_Exercise objective_
Every line of the listing below should be written out exactly, minus its images.

_Input data_
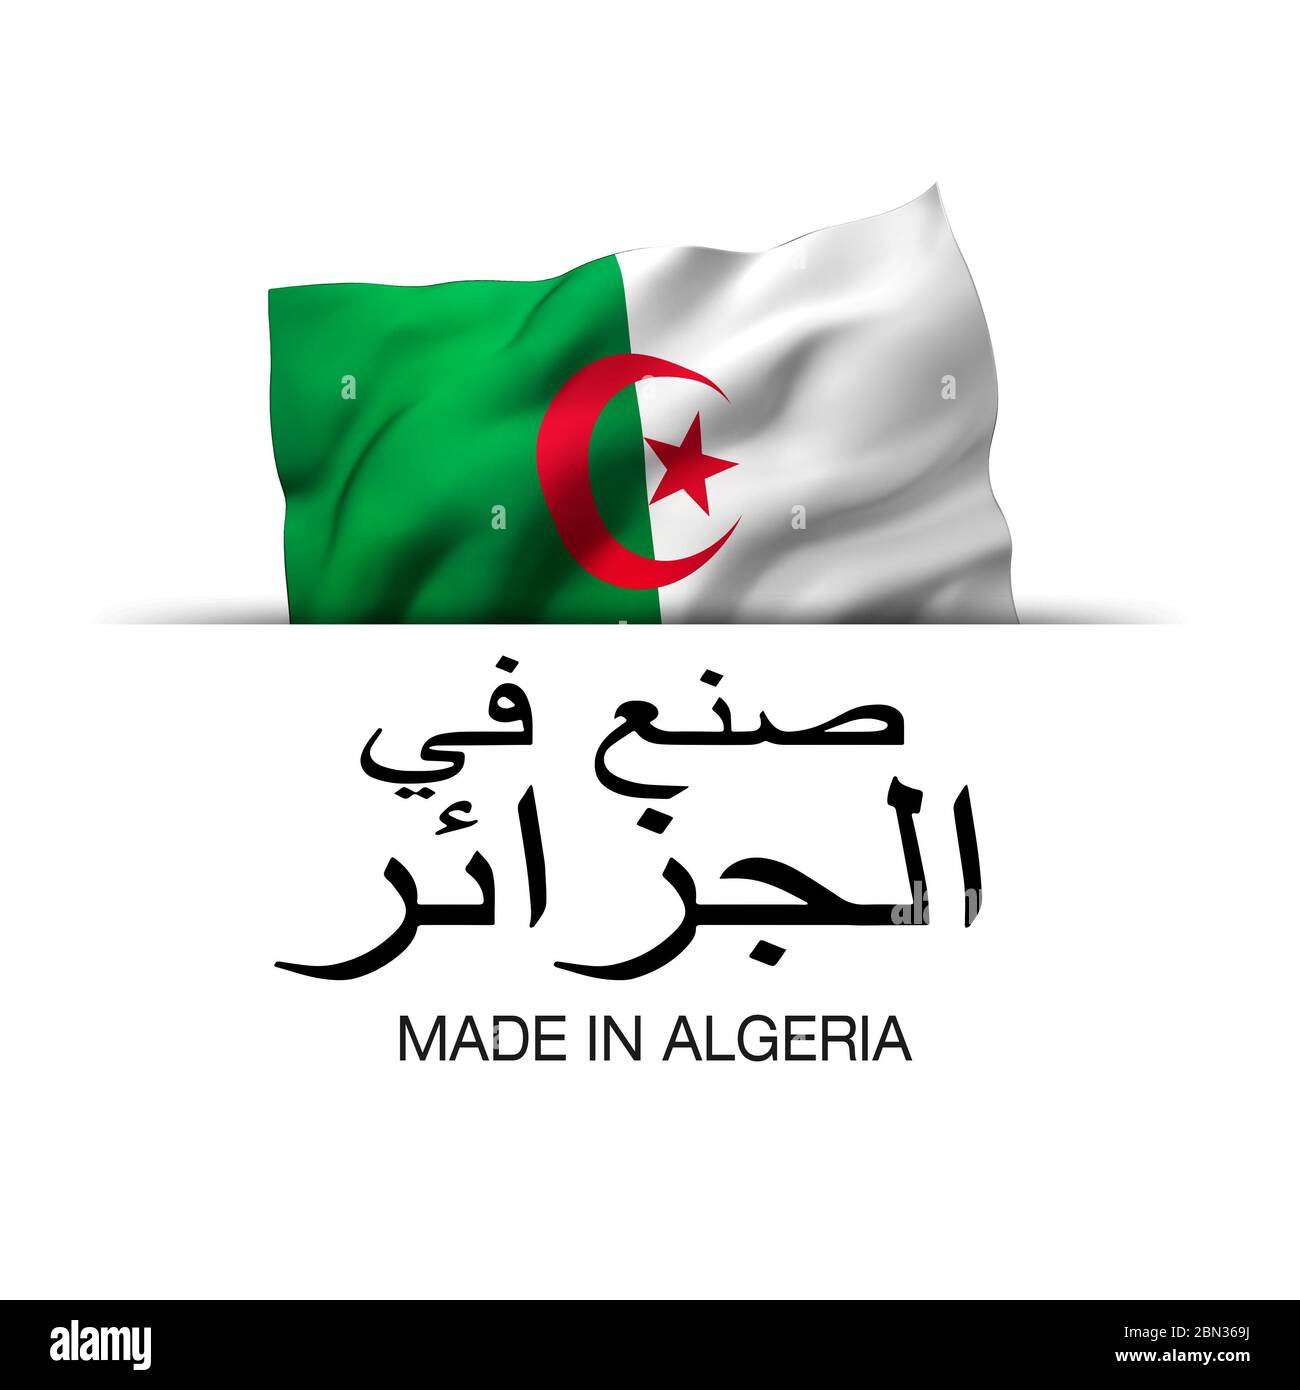 Made in Algeria written in Arabic language. Guarantee label with a waving Algerian flag. 3D illustration. Stock Photo
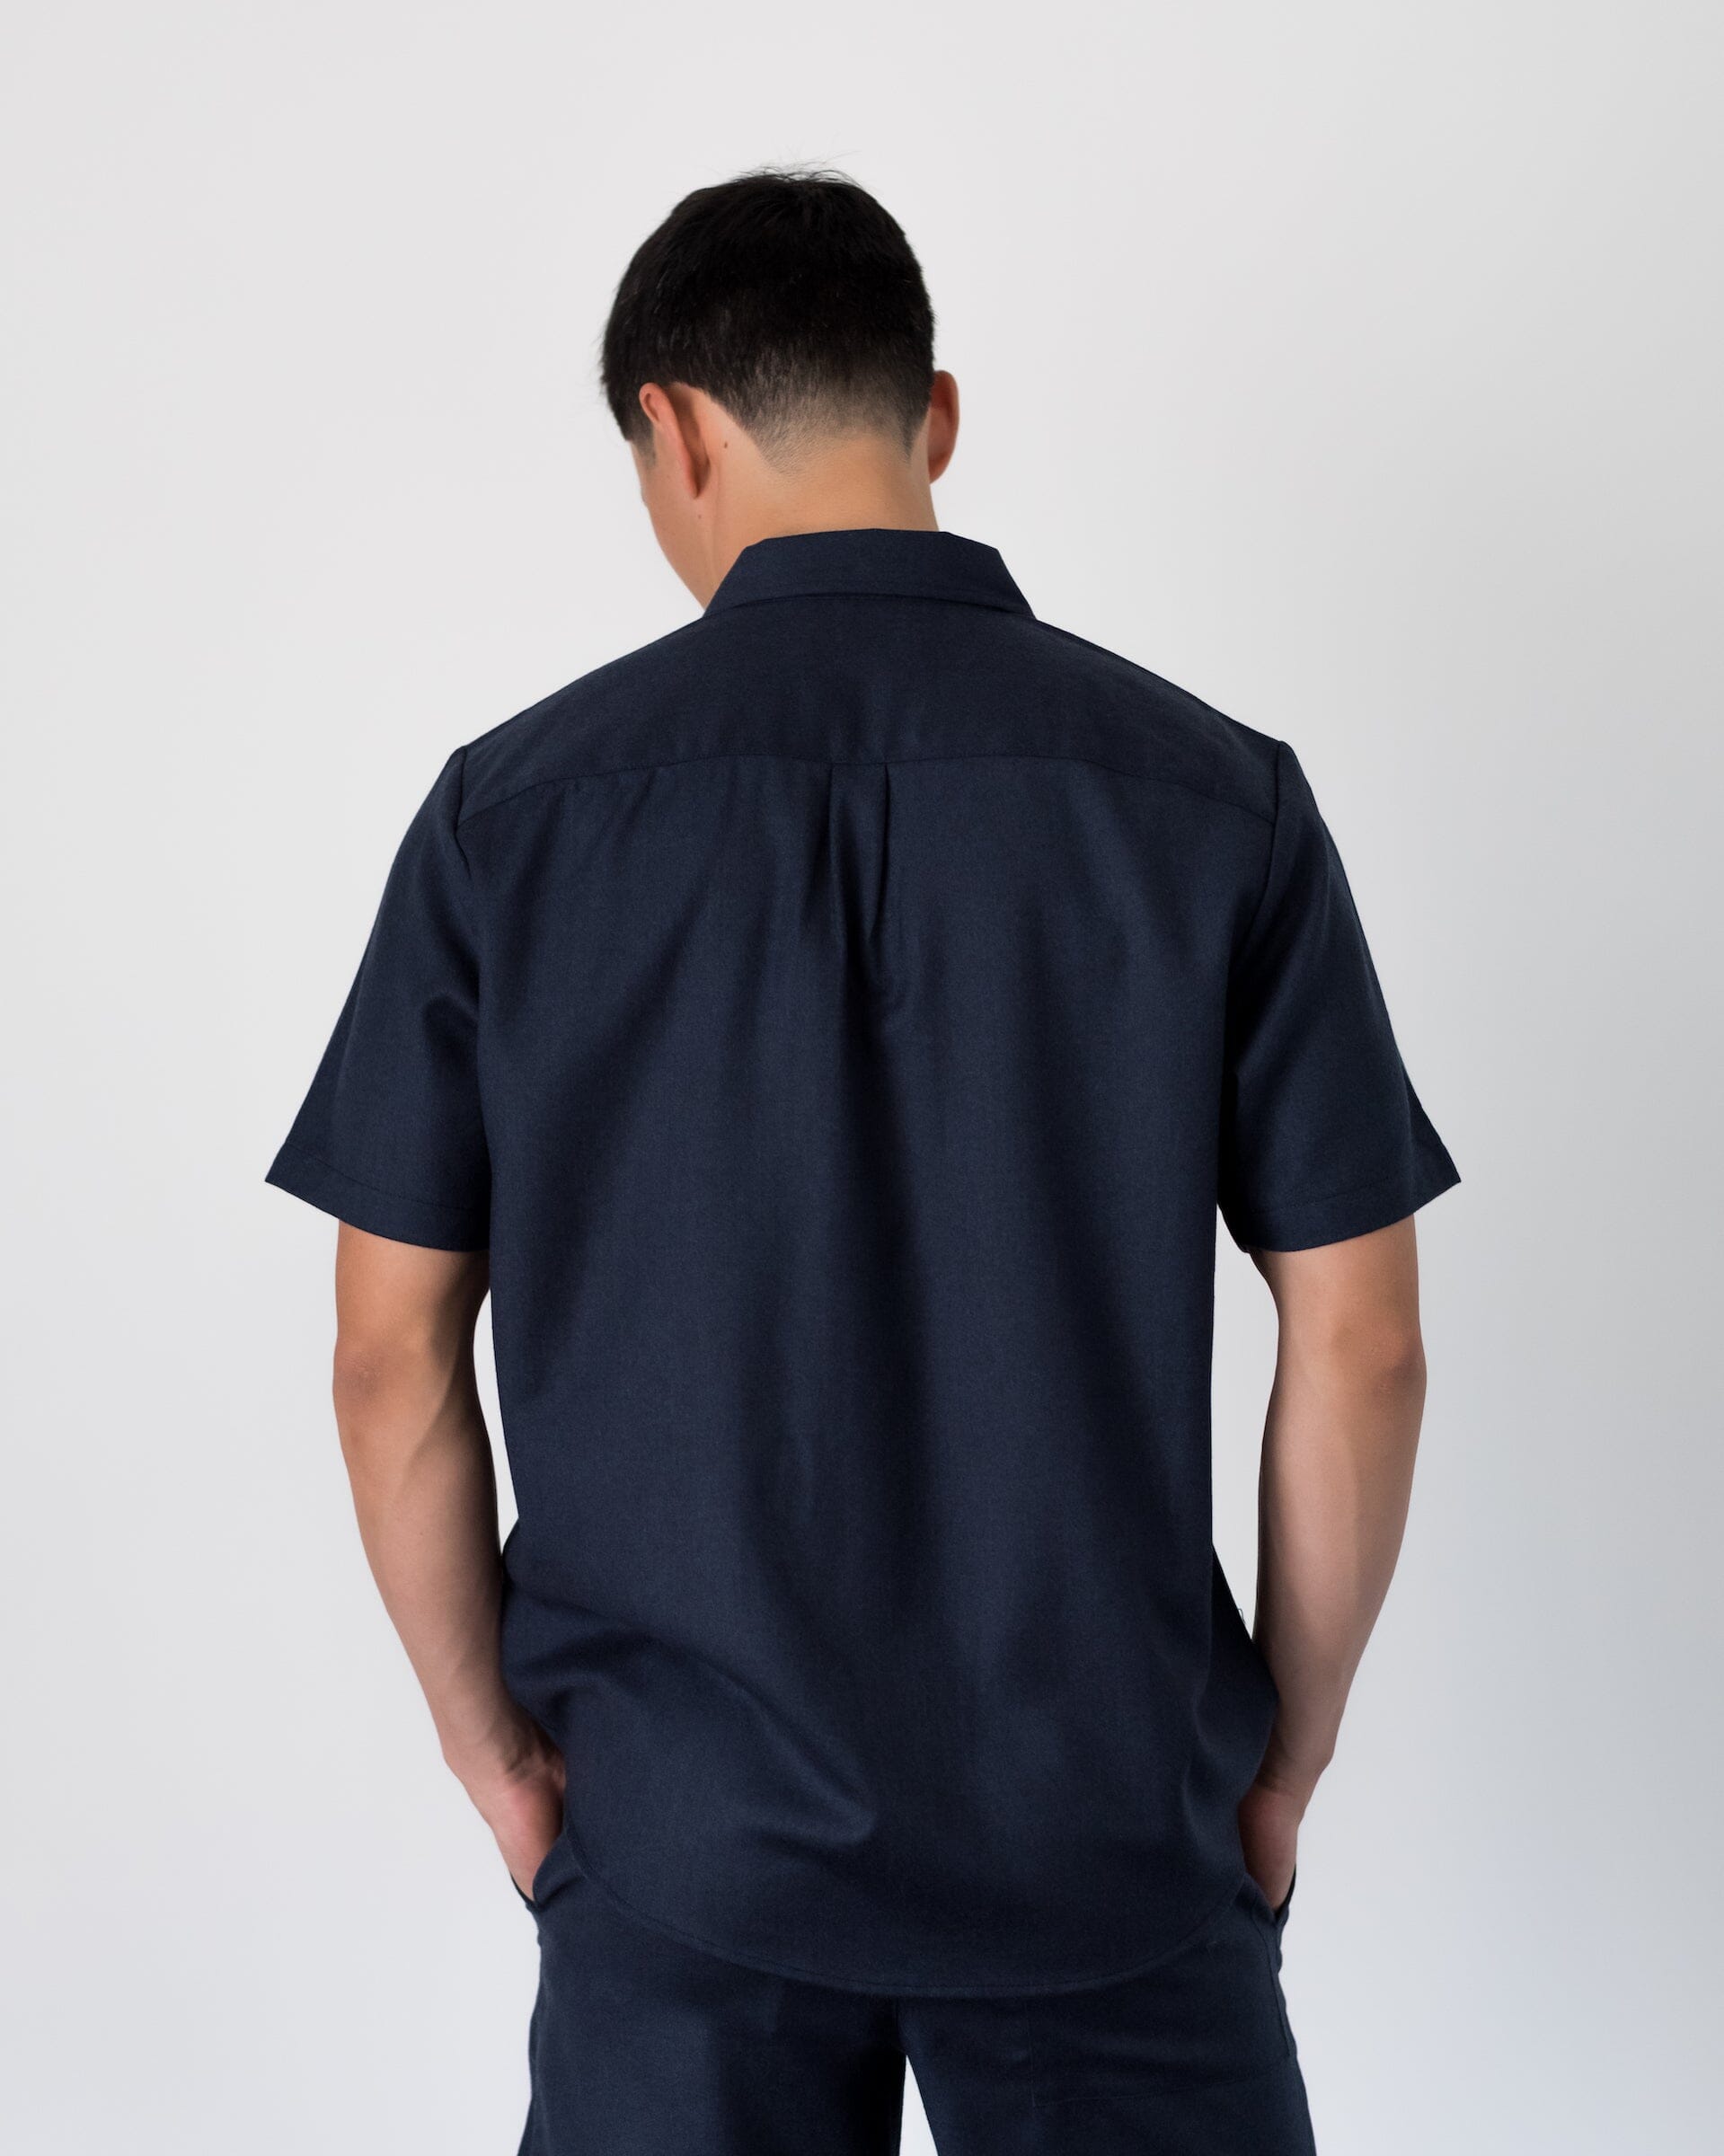 The Light Wool Short Sleeve Shirt in Heather Navy - Full Body 2 #color_heather navy
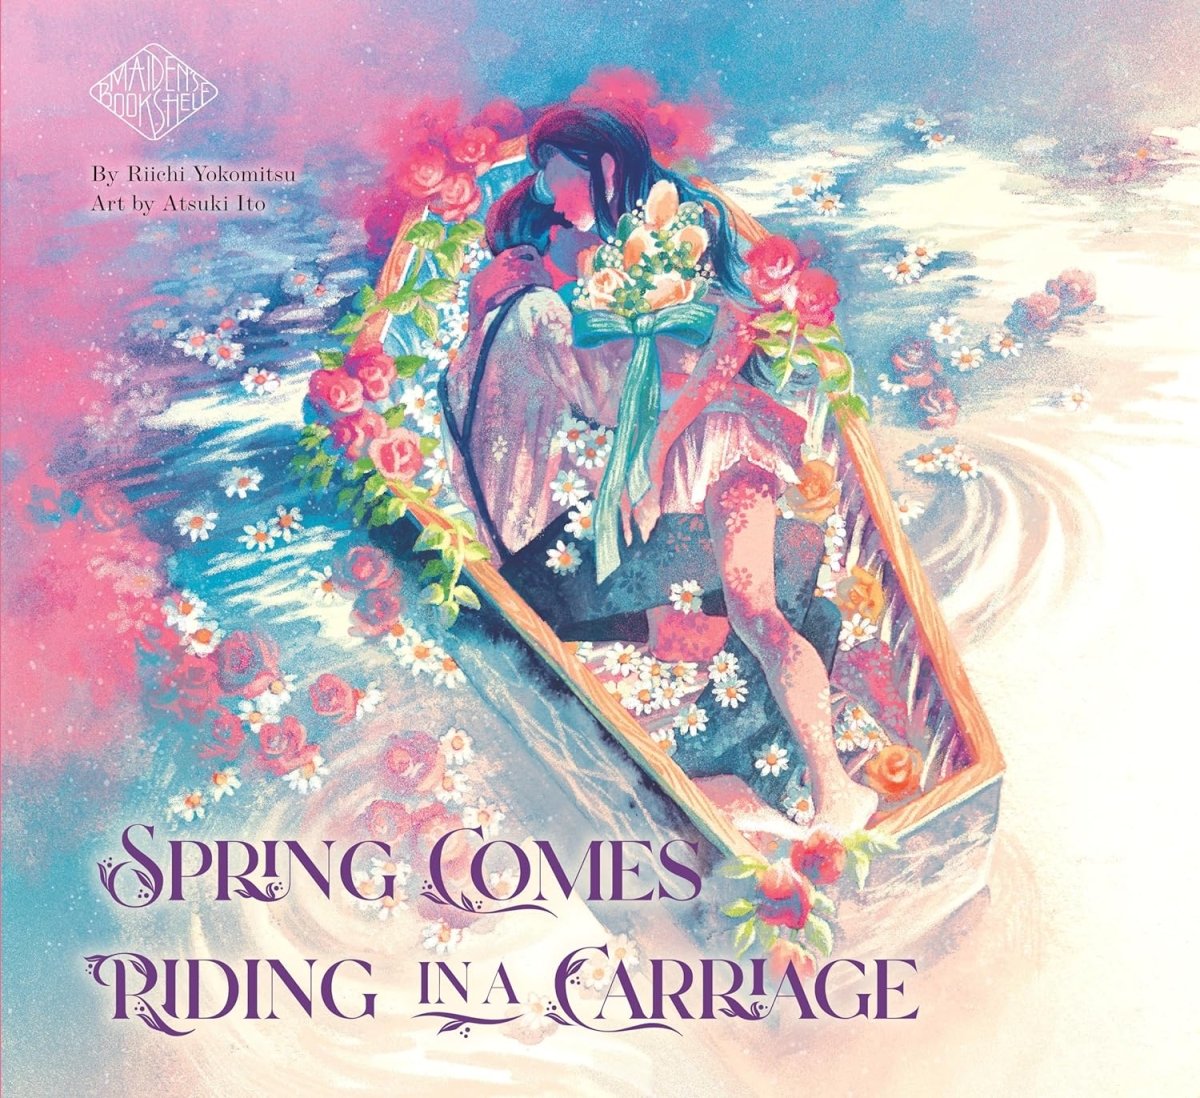 Spring Comes Riding In A Carriage: Maiden's Bookshelf HC - Walt's Comic Shop

_Result of this exercise_
 Made in Algeria written in Arabic language. Guarantee label with a waving Algerian flag. 3D illustration. Stock Photo
 The Light Wool Short Sleeve Shirt in Heather Navy - Full Body 2 #color_heather navy
 Spring Comes Riding In A Carriage: Maiden's Bookshelf HC - Walt's Comic Shop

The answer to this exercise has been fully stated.